Тот еле заметно скривился, но видимо боясь вызвать новую волну не контролируемой ярости, не стал акцентировать свой скепсис насчет порядка. Я же, помолчал немного и, твердо глядя ему в глаза, заявил:
— Уважаемый господин Гуревич, я предлагаю забыть наши довольно мелкие разногласия и начать наши, надеюсь взаимовыгодные отношения с чистого листа.
У того видимо шумело в голове как от выпитой водки, рюмки-то были не маленькими, так и от того кошмара, который я ему устроил. Потому он вначале не врубился и, глядя на меня глазами беременной коровы, молчал.
— Таак… — Протянул я. — Видимо химиотерапия не помогла. А может доза мала? Михаил Исакович вы себе еще из графинчика плесните. Вон он стоит — графинчик-то. С рюмочкой рядышком. — Указал я на стол.
Гуревич мутным взором прошелся по столу, оглядел рюмки, графин, тарелку с плюшками, камни, которые так и лежали на столе, потряс головой и спросил:
— Простите! Что вы сказали?
А молодец толстяк! Почти мгновенная адаптация. Надо мне осторожней с ним. А то сам не замечу как все «непосильным трудом» награбленное отдам, да еще и должен останусь.

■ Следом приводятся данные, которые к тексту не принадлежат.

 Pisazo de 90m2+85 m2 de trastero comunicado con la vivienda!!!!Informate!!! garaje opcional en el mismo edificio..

— Да я, собственно, предлагаю забыть все эти мелкие недоразумения, что между нами случились. Подумаешь: вы меня пытались убить, я вам хотел горло перерезать. Ничего страшного. Дело-то житейское. Пусть это останется в прошлом. У меня, знаете, еще есть немного брюликов, да и зеленые камушки имеются. И я бы хотел их куда-нибудь пристроить, к нашей с вами обоюдной пользе. Как вы на это смотрите уважаемый господин Гуревич?
Тот некоторое время помолчал и, окончательно взяв себя в руки, произнес:
— Я уже вам говорил, что в нашем городе такие бриллианты сбыть затруднительно, то же самое касается и изумрудов, тем более еще не обработанных.

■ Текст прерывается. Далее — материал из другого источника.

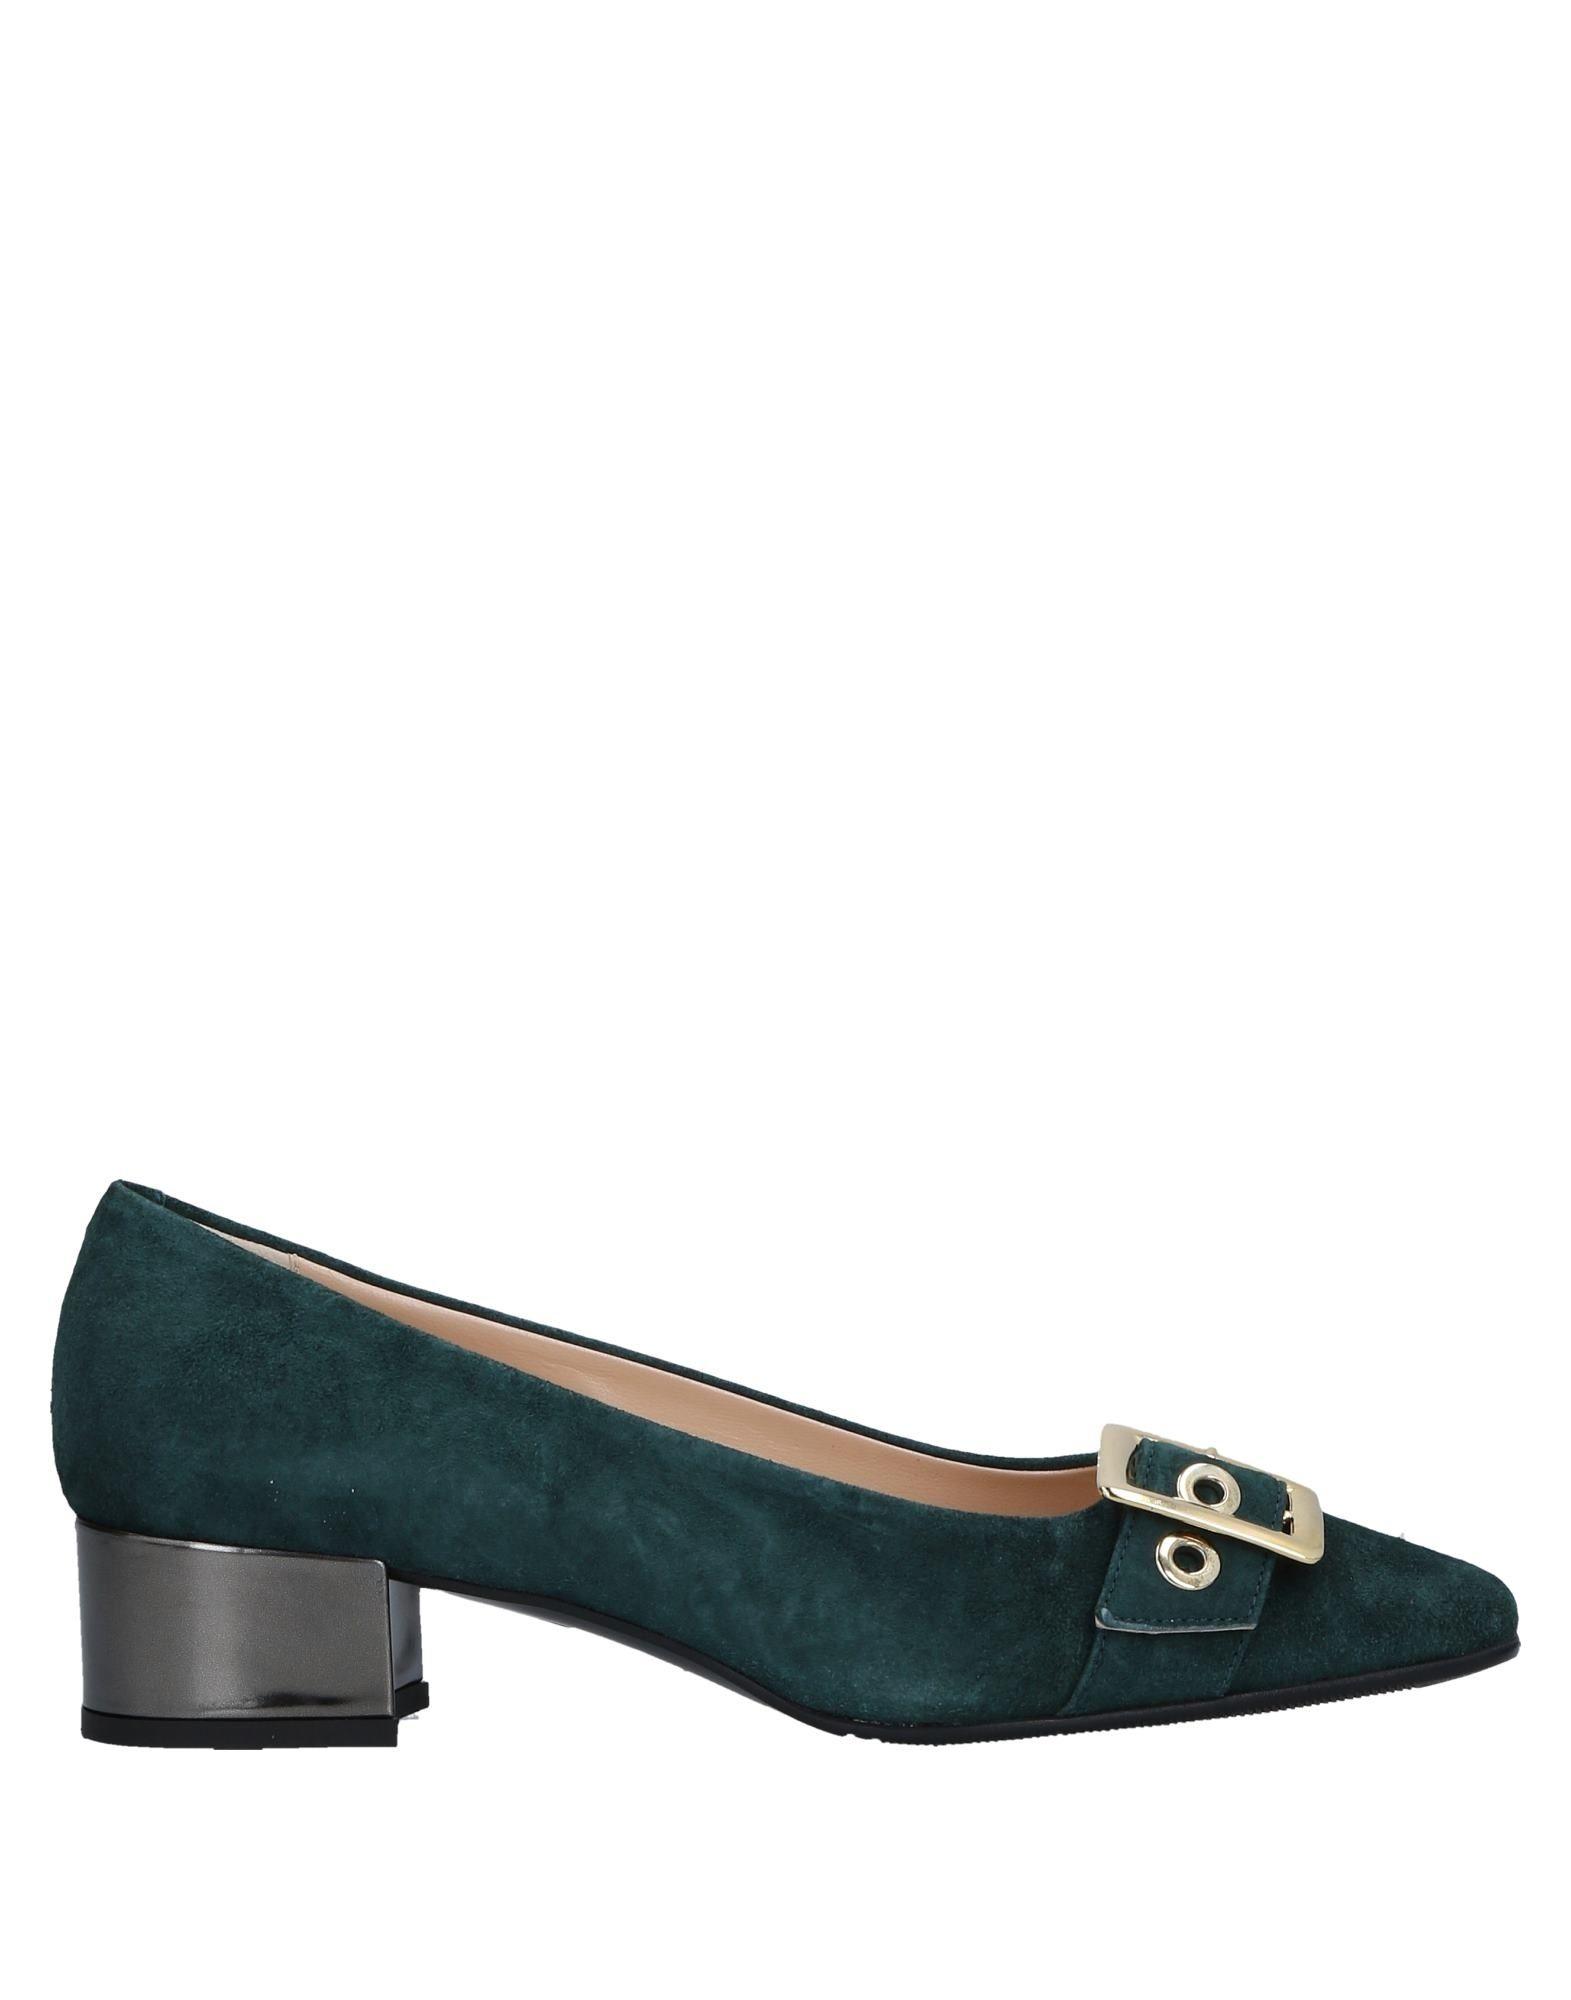 F.Lli Bruglia Pumps Damen  11525535IUGut aussehende strapazierfähige Schuhe

— Ой не парьте мне мозг. Никогда не поверю, что у вас нет связи с Питером или Москвой.
— А расходы на перевозку! А еще расходы на безопасность. Путь-то далекий и всякое может случиться.
— А еще чиновникам надо отстегнуть, попам занести, полиция опять-же. — Задумчиво добавил я. Потом спросил:
— Неужели в городе нет людей, которые могут себе позволить дорогие вещи?
— Богатые люди у нас есть, но это по большей части купцы. А они люди прижимистые и деньгами почем зря не сорят. Они их в оборот пускают.
— Понятно! — Пробормотал я.
Похоже не врет ювелир. Барнаул конца девятнадцатого века, городишко небольшой и пристроить не честно заработанные брюлики, здесь мне будет затруднительно. Хотя, что это я. Если нет на что либо спроса, нужно этот спрос создать.
Вспомнилось, что видел в интернете фотографию молодой Матильды Кшесинской и очень удивился, что такое нашли в ней великие князья, с цесаревичем во главе. По мне так коряга корягой с лицом хитрой стервы, а они на перебой передавали ее друг другу и бриллиантами обвешивали.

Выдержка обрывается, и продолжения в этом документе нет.